Per noi siriani della rivoluzione, la riconciliazione tra forze islamiste radicali e forze democratiche è una necessità strategica. Le scaramucce dolorose e i crimini insopportabili avvenuti tra noi devono trovare soluzione, essere riassorbiti, per presentarci uniti di fronte al pericolo totale rappresentato dal regime, appoggiato direttamente o indirettamente da troppi. Il tentativo di seminare guerra intestina tra le forze anti-Assad (a prescindere dal necessario intercettamento e disinnesco delle derive criminali) deve fallire. Questo gli agenti e i consiglieri militari americani farebbero bene a capirlo subito. Favorire i partner più affidabili, incoraggiare le evoluzioni più auspicabili è buono. Spingerci ad ammazzarci tra di noi non può esserlo.
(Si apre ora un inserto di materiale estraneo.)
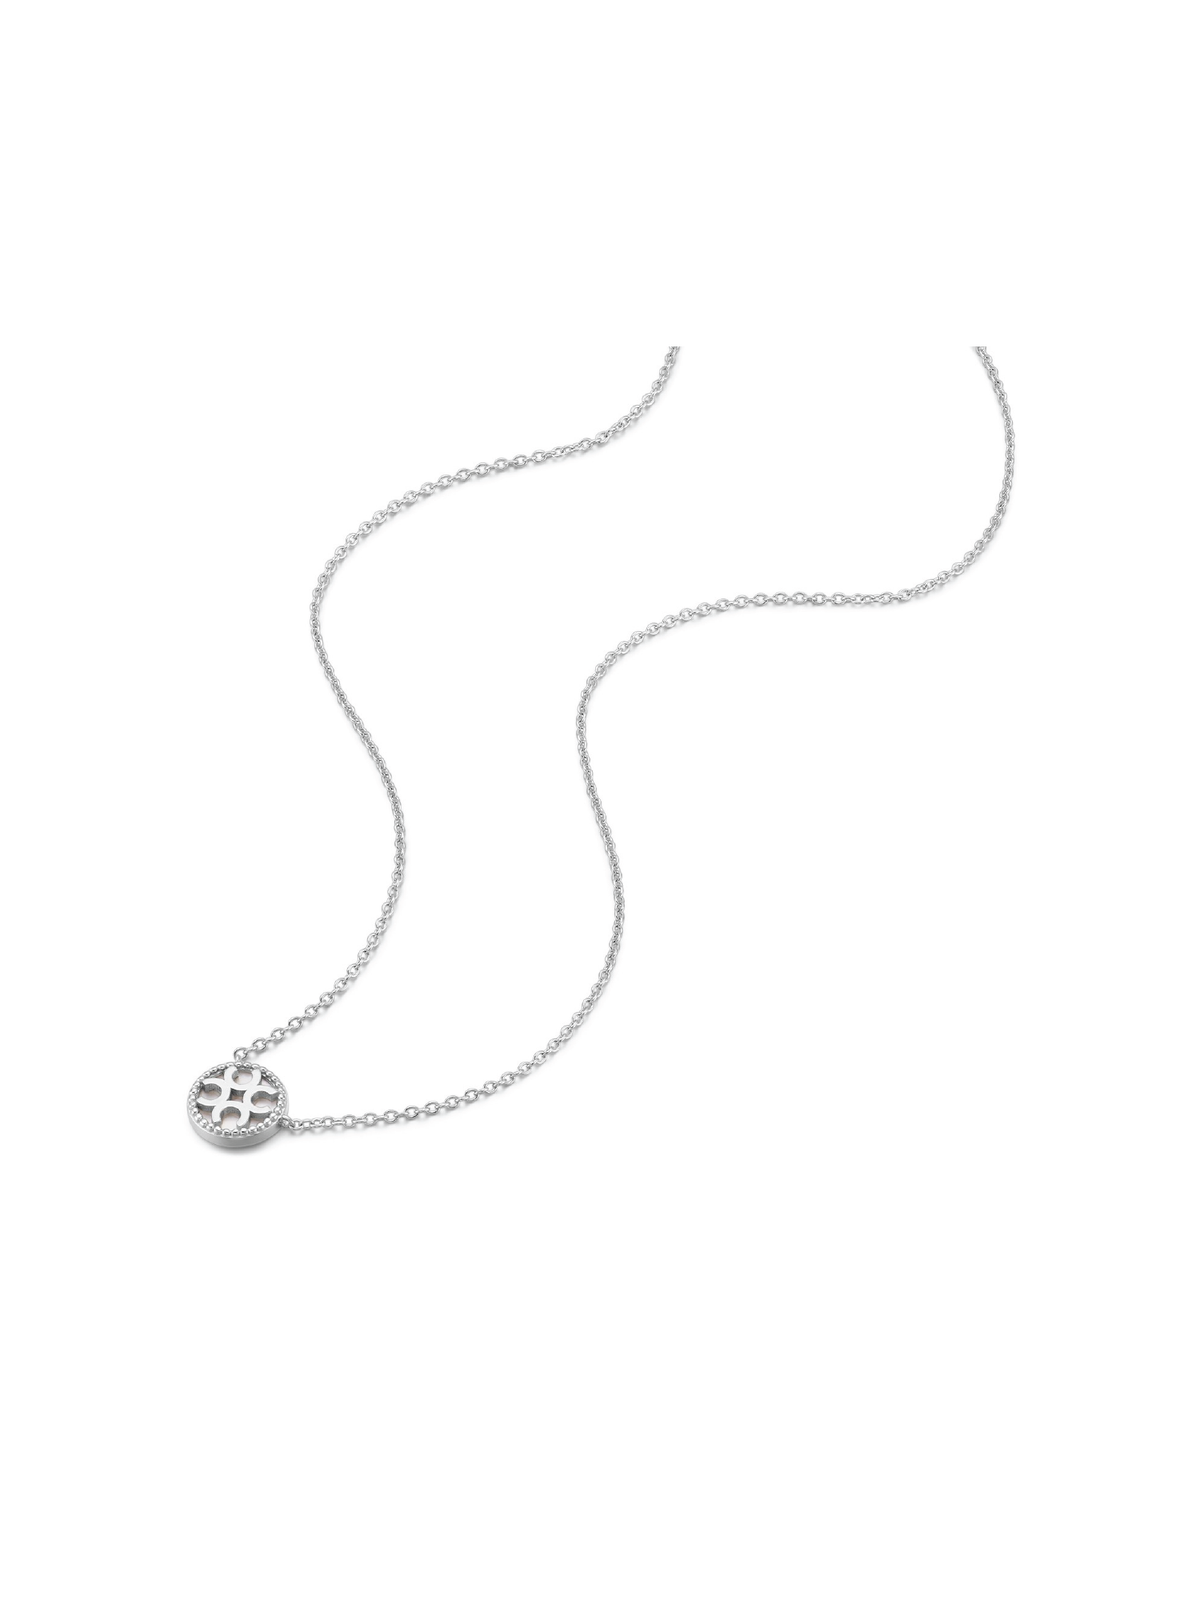 Signature Necklace - Ivory (White)

Allorché l’Occidente, ma anche Russia e Iran, e l’Onu nel suo insieme, si pentiranno del crimine di complice irresponsabilità da loro commesso ai danni dei siriani, allora provvederanno a che Bashar al-Assad lasci Damasco e si ritiri coi suoi sulle montagne ancestrali, consegni i pieni poteri a un governo transitorio che prepari il vero passaggio democratico.
Le grandi potenze metteranno in grado le comunità locali siriane di assicurare la propria sicurezza, instaureranno efficacemente una corte internazionale di giustizia per la Siria, separeranno temporaneamente i contendenti del conflitto civile sulla base delle linee geografiche di appartenenza comunitaria, in vista d’una Siria unitaria confederale, assisteranno la massa dei civili diseredati e ridotti in miseria disperata, favoriranno l’evoluzione dell’islamismo politico nel suo plurale desiderio di democrazia musulmana, incoraggeranno le minoranze (proteggendole pure, è ovvio) a reinvestirsi nella cosa pubblica comune.
Quando questo succederà, allora noi vi promettiamo di fare di tutto per riassorbire la deriva violenta, radicale, islamista, qaedista! È nel nostro interesse. Essa infatti costituisce una non soluzione proprio per i ragazzi che vi ci sono arruolati. Sono nostri figli e non ci interessa perderli. Nessuna soluzione alla Tora Bora, neanche per i jihadisti stranieri!
La Siria sarà capace di elaborare una strategia pedagogica islamica di riassorbimento dell’estremismo. Non è la prima volta nella storia. Abbiamo la teoria e conosciamo la pratica. Non si può giocare il futuro del mondo sull’ipotesi islamo-pessimista. Lo sanno anche i politici che si fanno pubblicità a forza di xenofobia. Se non si vuole essere morali almeno si cerchi d’esser pratici. Razionalità sincera e moralità concreta vanno finalmente a braccetto.